Safari Hunt (SMS)

Safari Hunt with its tag team partner Hang-On.

Safari Hunt

System: SMS

Release Date: September 1986

Developer: Sega

Publisher: Sega

Genre: Light Gun Shooter

Safari Hunt was a pack in game, along with Hang-On for the Sega Master System. It used the Sega Light Phaser peripheral, which was the answer to Nintendo’s Zapper. This was certainly an early game.

Ducks, fish, and the rabbit are all lakeside targets.

There are three levels in Safari Hunt: The Lake, the Jungle, and the Forest. Each consists of a static background that looks straight out of MSPaint. The lake features three targets, duck, fish, and rabbit. I like that when you shoot your targets, they show they’ve been hit. The duck turns into a roast with a cross bandage on it, the fish turns to bones, and the rabbit gets a bandage, as well as holding up a sign with how many points you earned.

The bear is trying to scare me off from shooting him again.

The forest has a bird that flies off in pain after being shot, an armadillo that rolls of screen with a bandage, and a bear that turns and tries to scare you after being shot. He takes five shots before finally running off and awarding 2000 points. The jungle sports four different targets: a spider, a bat, a monkey, and a panther. The panther is worth the big points on this one, because he pounces, which makes him harder to hit in the background.

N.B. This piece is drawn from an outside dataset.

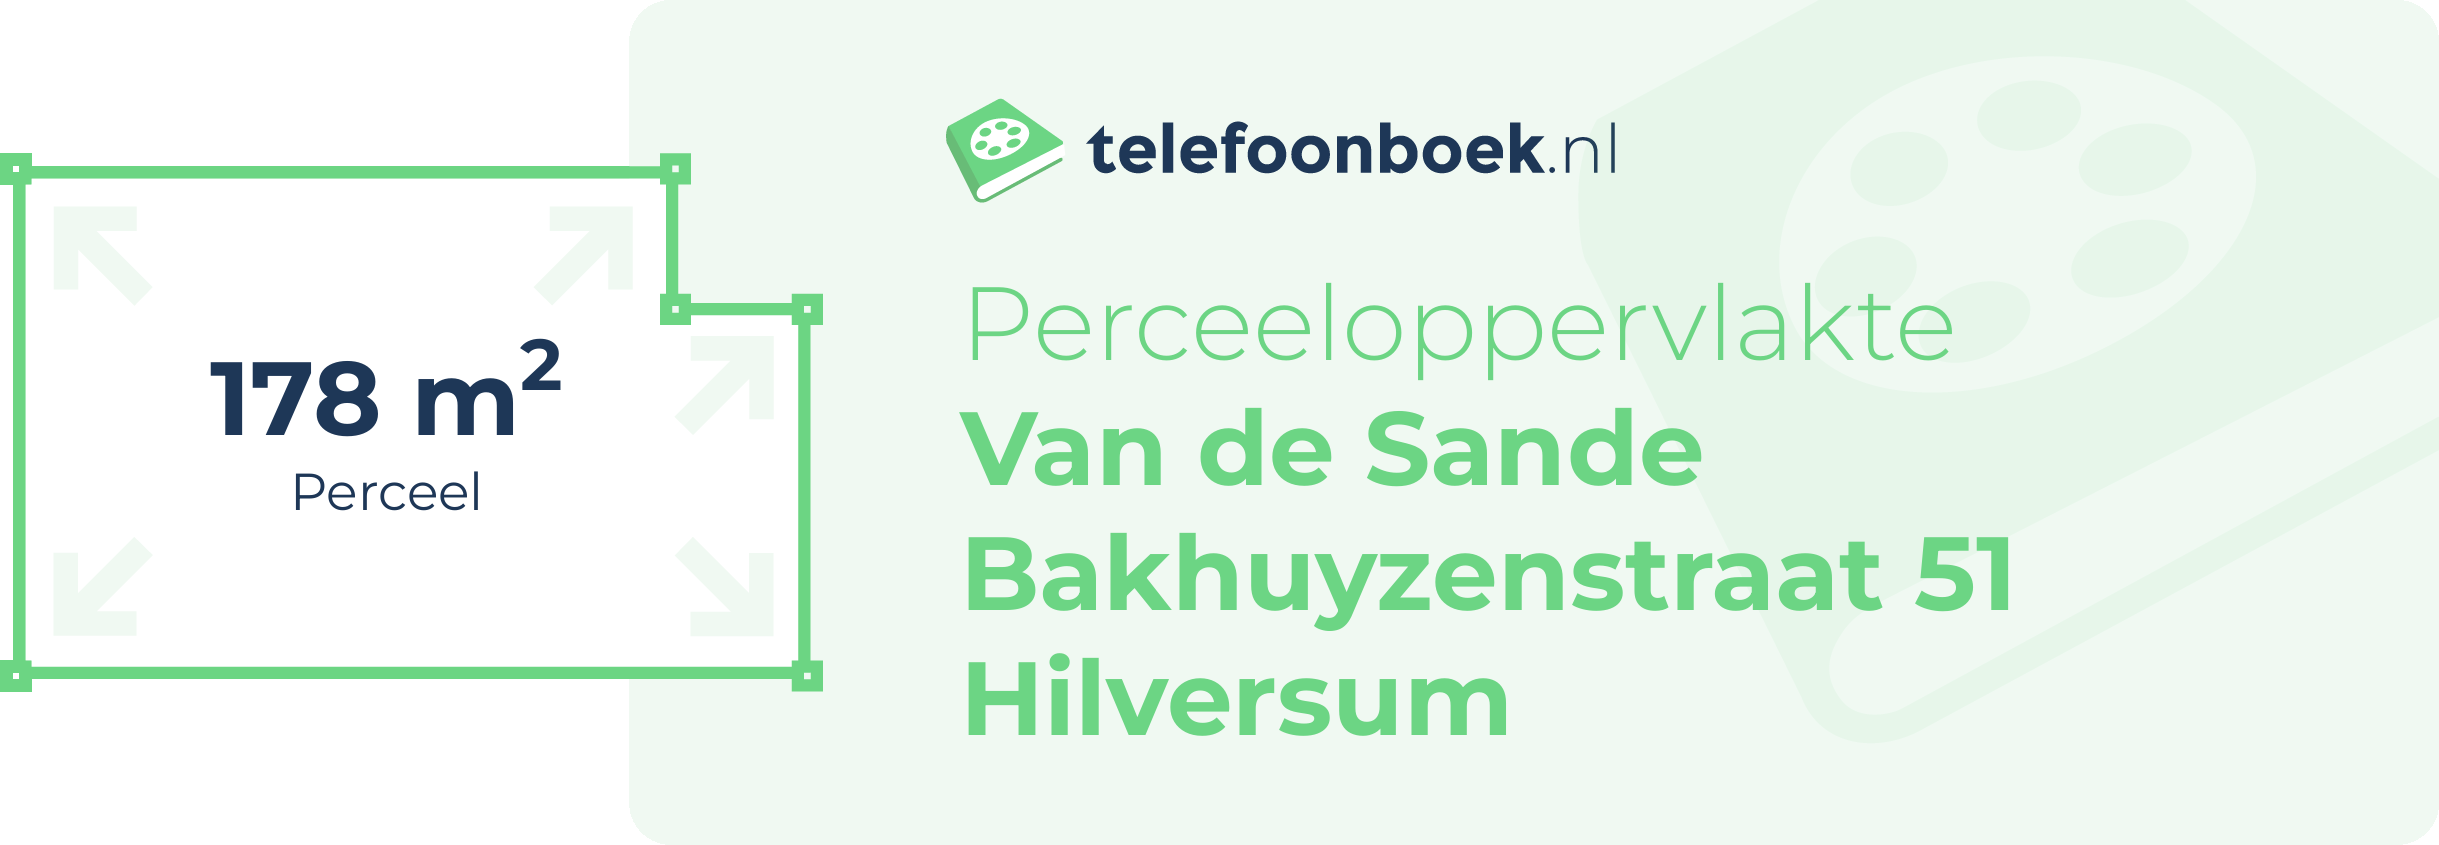 Perceeloppervlakte Van De Sande Bakhuyzenstraat 51 Hilversum

The panther just gave me 2000 sweet, sweet points.

At the beginning of each round, you’re given a qualifying score you need to hit to go to the next level. Then you get 30 bullets to use to destroy your prey. You can inflate your score by avoiding the targets worth fewer points. Just focus on fish and foreground rabbits at the lake; focus on bears and armadillos at the forest; focus on monkeys and panthers in the jungle.

I’ve already scored more than enough points to clear the next round.

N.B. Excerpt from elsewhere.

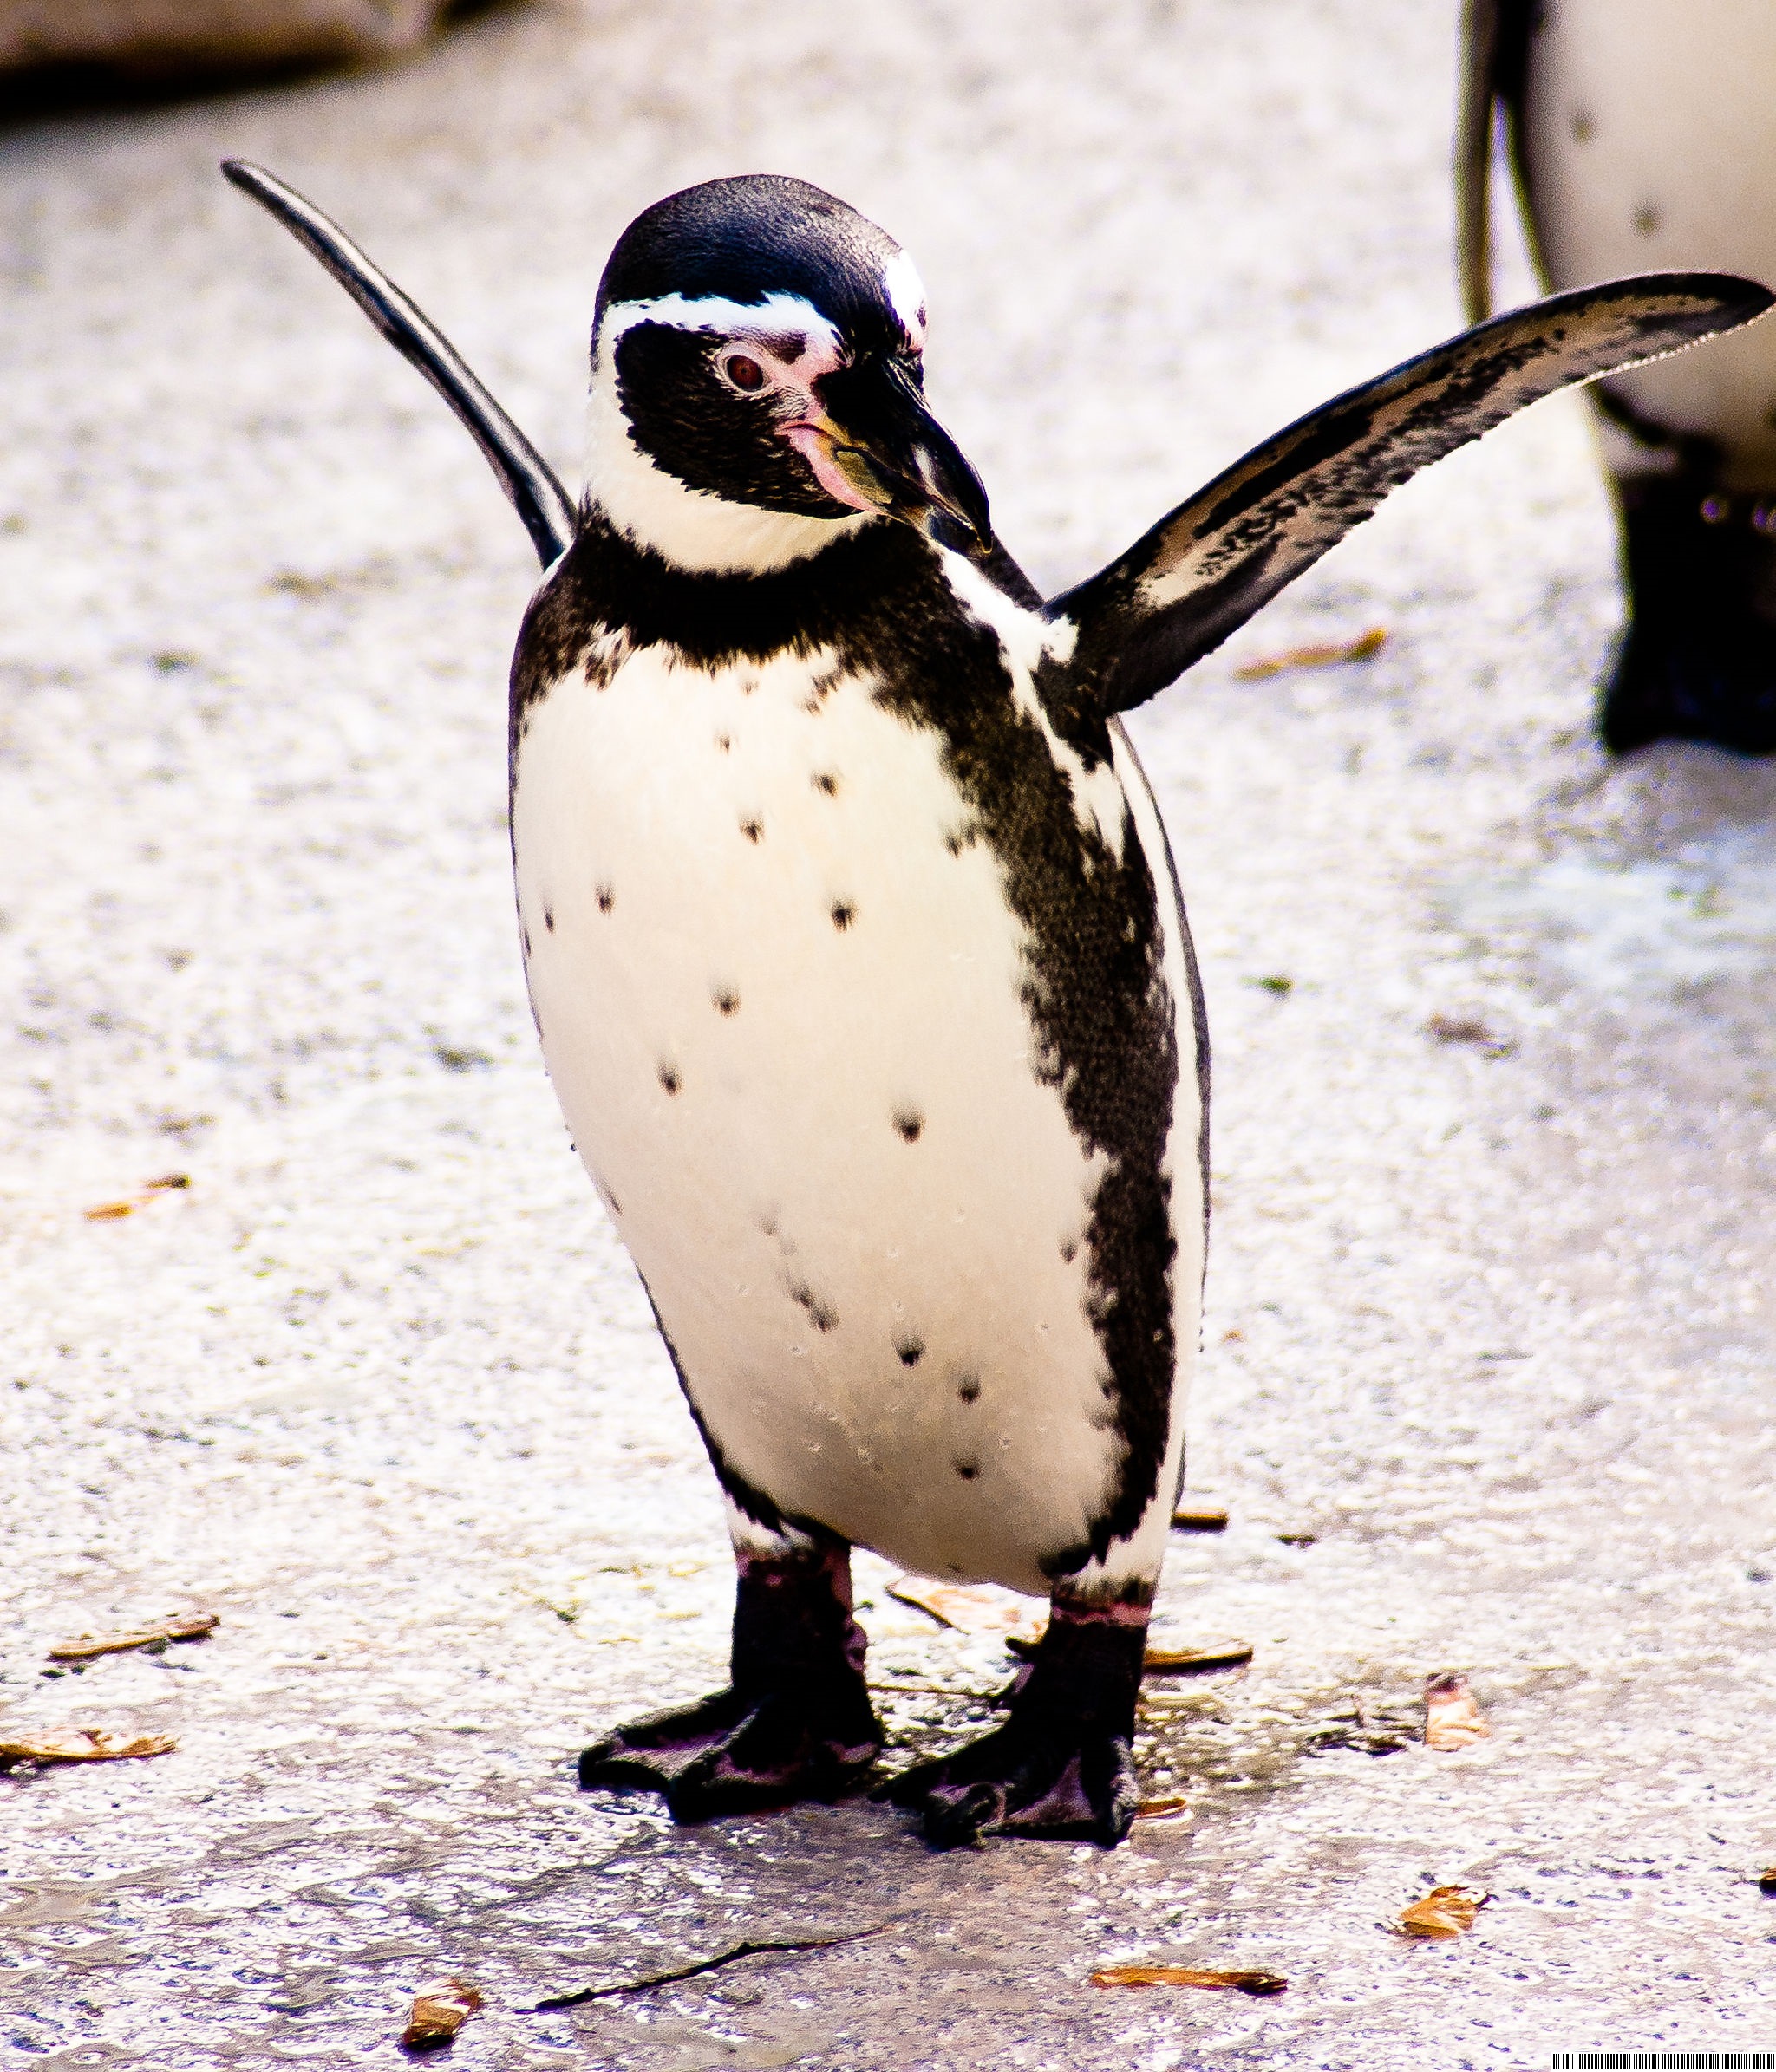 penguin.jpg

Research tells me level 69 is the ultimate level, where the qualifying point total becomes 1,000,000. I was at 100,000 points by level 6, so I think I could smash that if I had the patience to keep playing this very limited game. I don’t have that patience, so on to the grading. I’m going to compare to Duck Hunt.

Graphics: 2.0

I was too generous to Duck Hunt. It probably should have got a 2.0. The backgrounds look out of place on a console, but the animals look good.

Sound: 1.5

You get a between round song and gun shots. Nothing special. Another area I rated Duck Hunt too highly.

Gameplay: 3.0

Shoot the gun at the targets, earn points. It doesn’t mess this up.

Difficulty: 1.5

Definitely not hard. The slight speed up I faced wouldn’t have set me back. Maybe it gets really stupid as you get into the higher rounds.

Fun Factor: 2.0

I see myself getting bored with this one way before level 69.

Overall Grade: 2.0

I’ll be honest that I rated Duck Hunt too highly, but Safari Hunt earns its C. As we can tell, I like light gun shooters. This falls in there. Apparently the Master System has 14 light gun shooters released in the West, so that should be fun!